SEC Filings Reveal Staggering Cash Burn
In fact, taking a look at the SEC filings which included the above press release as well as required financials revealed that Unilife burned $20mm on an operating basis and an additional $8.8mm investing in equipment. It is unclear how Unilife came to the "$16mm above normal R&D and capex levels" for the quarter as the entire R&D line was $6.7mm so 100% of the capex and R&D = $15.5mm. Is UNIS implying that normal run rate will include zero R&D and capex? Even given this optimistic assumption, the Company burned through $13mm of cash in a quarter on a "run rate" basis using this favorable assumption. Compared to the $10.8mm cash and the $12.4mm from the ATM this is a mere 5 months left of cash which means UNIS could potentially run out of cash and file bankruptcy by November or December this year.
New SEC filing raises questions about the Debt: What happens September 8?

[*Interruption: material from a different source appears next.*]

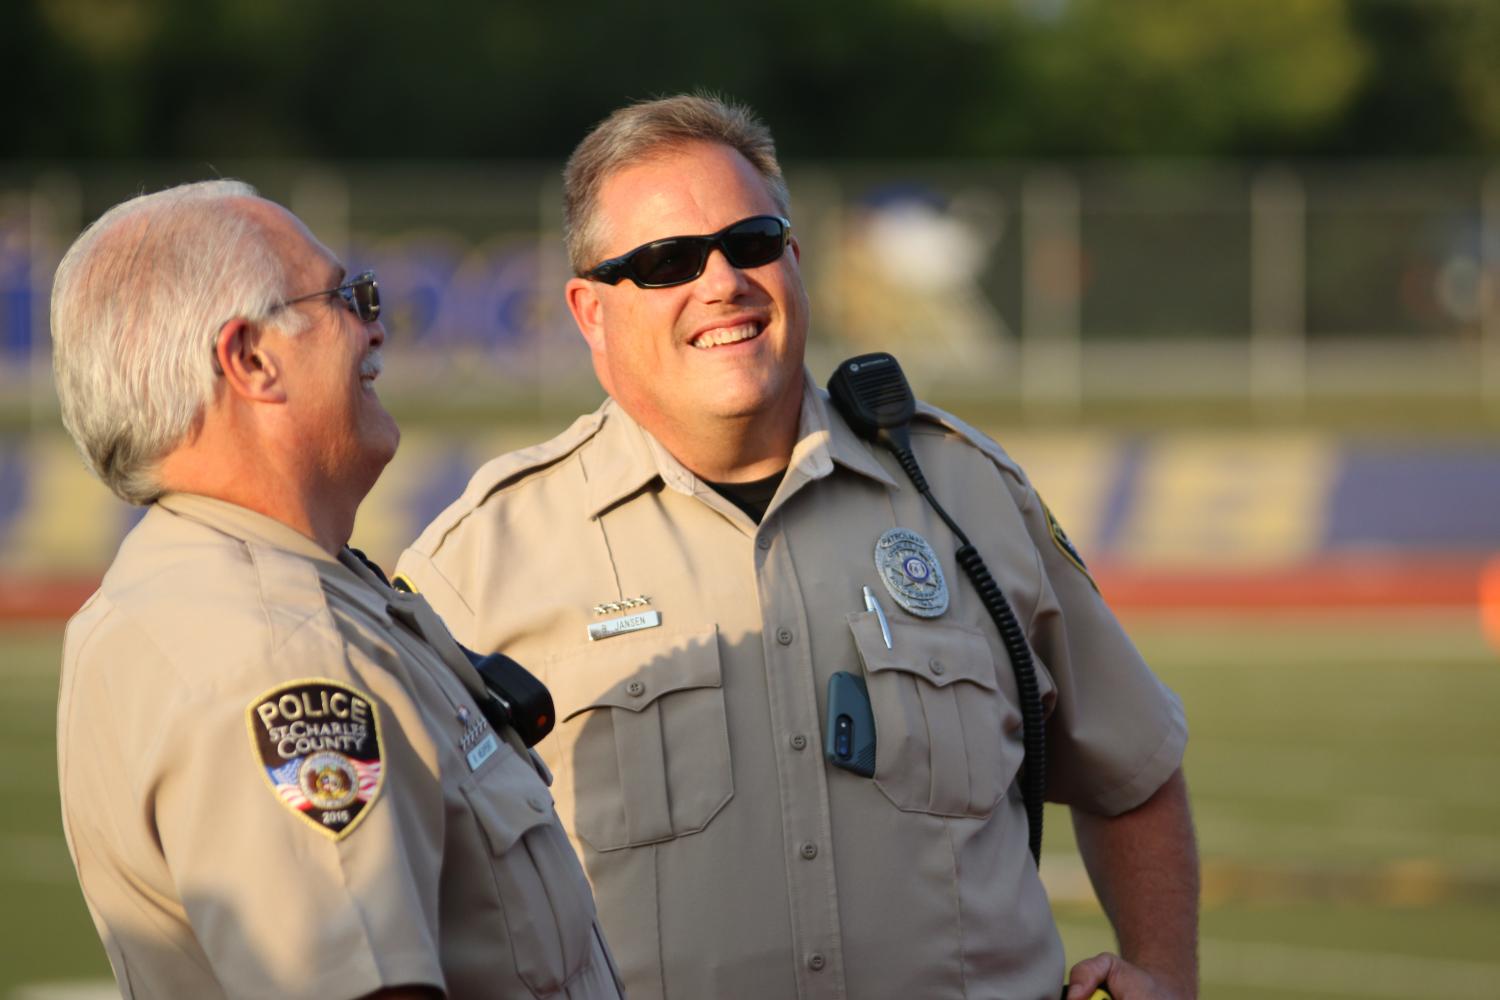 Deputy Ron Neupert and Deputy Bret Jansen accept their recognition at the annual First Responders football game Friday, Sept. 8.  The entire fan section gave the officers a standing ovation while wearing Red, White, and Blue and creating our country’s flag.

According to a subsequent SEC filing on Aug 28th there may be additional debt available to add to the books to survive liquidity past year end but with a big question raised. This is on top of the fact that UNIS has still not disclosed its debt covenants to investors - given UNIS history of overpromise/under-deliver I think this could be because the covenants are potentially dangerous to UNIS shareholders.
The Credit Agreement also contains certain customary covenants, as well as, covenants relating to achieving minimum cash revenue targets at the end of each calendar year, maintaining minimum liquidity targets, the execution of certain customer and employment agreements in form and substance satisfactory to lender no later than September 8, 2014.
Question: What happens on September 8th? Is UNIS in compliance even with their massive cash burn or will we see an expensive credit amendment?
Do Shareholders realize how expensive this debt really is? = 17.5% effective interest rate
From the same SEC filing Aug 28:
In connection with the Credit Agreement, the Borrower entered into a royalty agreement (the "Royalty Agreement") with ROS which will entitle ROS to receive royalty payments. The buy-out amount ranges from $6.5 million, on or prior to the first anniversary of the agreement and up to $21.0 million, after the fourth anniversary of the agreement
The Loan will be accreted to the face value over the loan term based on an effective interest rate of 17.5%.
As a result, on the Closing Date, the Royalty Agreement was determined to have a fair value of $7.0 million and the Loan was allocated the remaining proceeds of $33.0 million
Questions Still Remain About Apparent SEC or Law Enforcement Investigation?
Unilife has still not disclosed its debt covenants nor the status of an apparent law enforcement or (and?) SEC investigation I outlined was seemingly underway in April using a FOIA request. Shareholders deserve answers, not promotional videos. I reiterate my price target of $0.